BANDUNG, KOMPAS.com – Pemerintah Provinsi Jawa Barat bersama Pemerintah Kota Bandung berkolaborasi untuk melakukan penataan komprehensif di kawasan pusat kota, meliputi area Gedung Sate hingga Monumen Perjuangan (Monju). Langkah ini diambil sebagai tindak lanjut arahan Gubernur Jawa Barat untuk menjadikan kawasan tersebut sebagai ruang publik yang nyaman bagi masyarakat.
Sekretaris Daerah Jawa Barat, Herman Suryatman, mengungkapkan bahwa penataan ini bertujuan untuk menciptakan pusat kota yang lebih bersih, rapi, dan nyaman. “Kita ingin kawasan ini menjadi contoh. Sebuah ruang kota yang bersih, indah, nyaman, dan aman, sehingga masyarakat bisa memanfaatkannya sebagai ruang terbuka hijau untuk beraktivitas dan bercengkrama,” ujar Herman dalam keterangan tertulisnya, Rabu (22/4/2026).

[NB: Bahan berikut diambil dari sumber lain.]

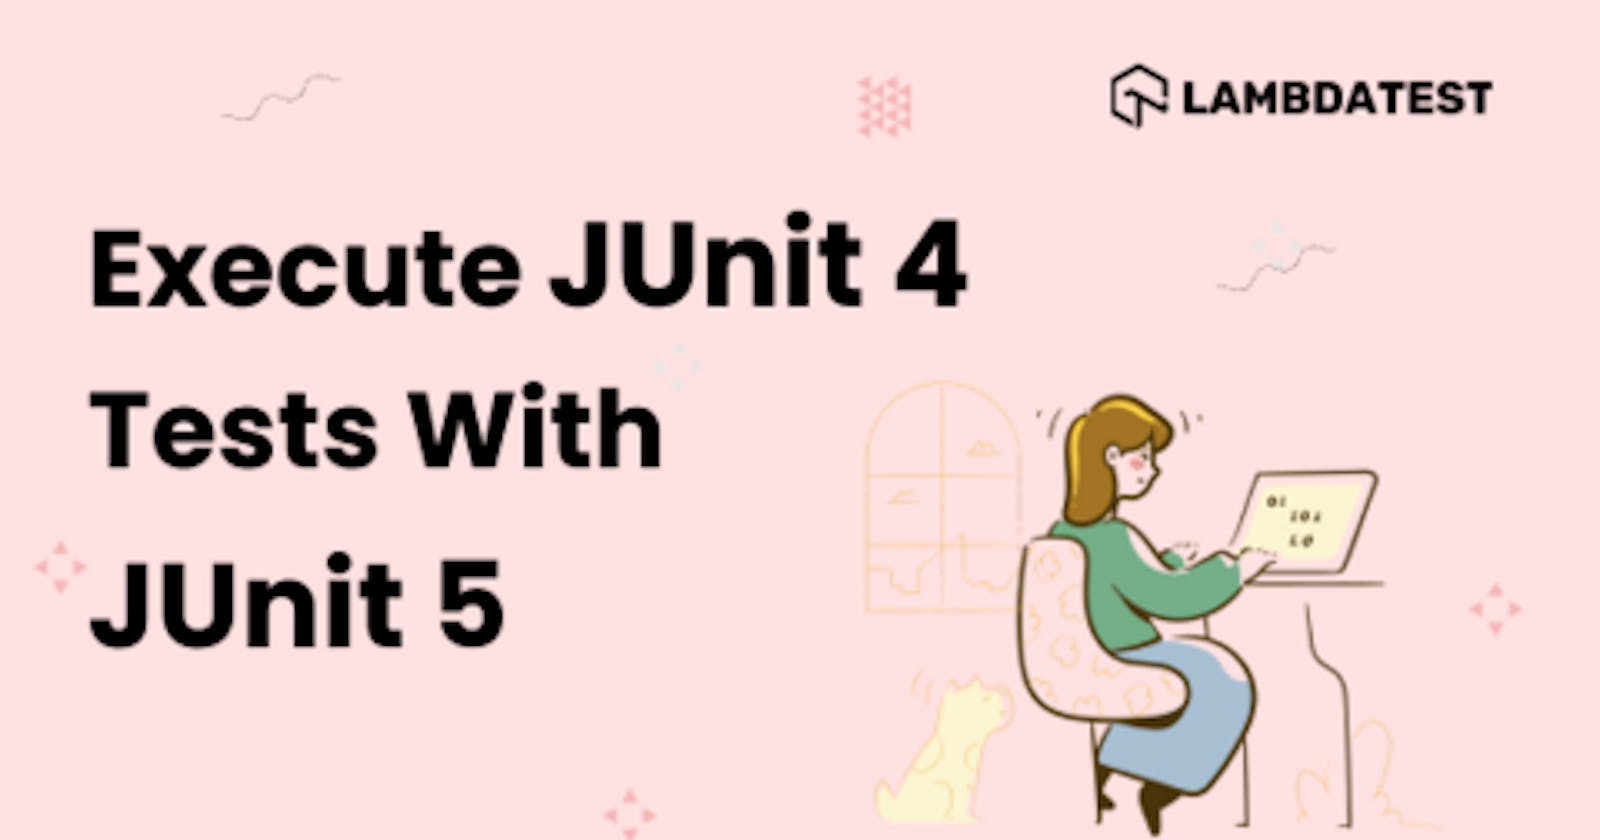 How to execute JUnit 4 tests with JUnit 5 [Tutorial]

Kolaborasi Strategis Pemprov dan Pemkot
Herman menekankan pentingnya kerja sama antara Pemprov Jabar dan Pemkot Bandung dalam penataan kawasan ini. Meskipun secara administratif berada di wilayah Kota Bandung, kawasan Gedung Sate dan Monju memiliki nilai strategis bagi provinsi.
“Karena ini masuk wilayah Kota Bandung, maka kami harus berkoordinasi, kulonowun. Ke depan, penataan kawasan Gedung Sate dan Monju akan dilakukan bersama, mulai dari kebersihan, taman, jalan hingga aspek keamanan,” jelas Herman.
Penataan yang akan dilakukan tidak hanya terbatas pada perbaikan fisik kawasan, tetapi juga mencakup penertiban lingkungan sekitar, seperti penataan spanduk dan baliho, pedagang kaki lima (PKL), serta penguatan aspek keamanan.
Dukungan Penuh Pemkot Bandung
Menanggapi inisiatif tersebut, Sekretaris Daerah Kota Bandung, Iskandar Zulkarnaen, menyatakan kesiapan penuh Pemerintah Kota Bandung untuk mendukung program penataan ini.
“Termasuk penanganan parkir liar, rekayasa lalu lintas, penataan PKL, serta ketertiban kawasan. Ujungnya tentu pada peningkatan pariwisata. Kalau kota sudah bersih, indah, nyaman, dan aman, maka kunjungan wisata akan meningkat dan berdampak pada pendapatan daerah,” kata Iskandar.
Kerja sama ini akan mencakup berbagai aspek, mulai dari pengelolaan sampah, perbaikan infrastruktur, hingga pengaturan lalu lintas dan keamanan kawasan. Iskandar berharap kawasan Gedung Sate dapat menjadi percontohan penataan kota yang baik di Jawa Barat.
Penegasan Visi Penataan Kota
Sebelumnya, Gubernur Jawa Barat Dedi Mulyadi telah menegaskan pentingnya memiliki wajah ibu kota provinsi yang tertata dengan baik. Ia menyampaikan, “Ini Ibu Kota, Ibu Kota jangan lebih jelek dari ibu tiri.”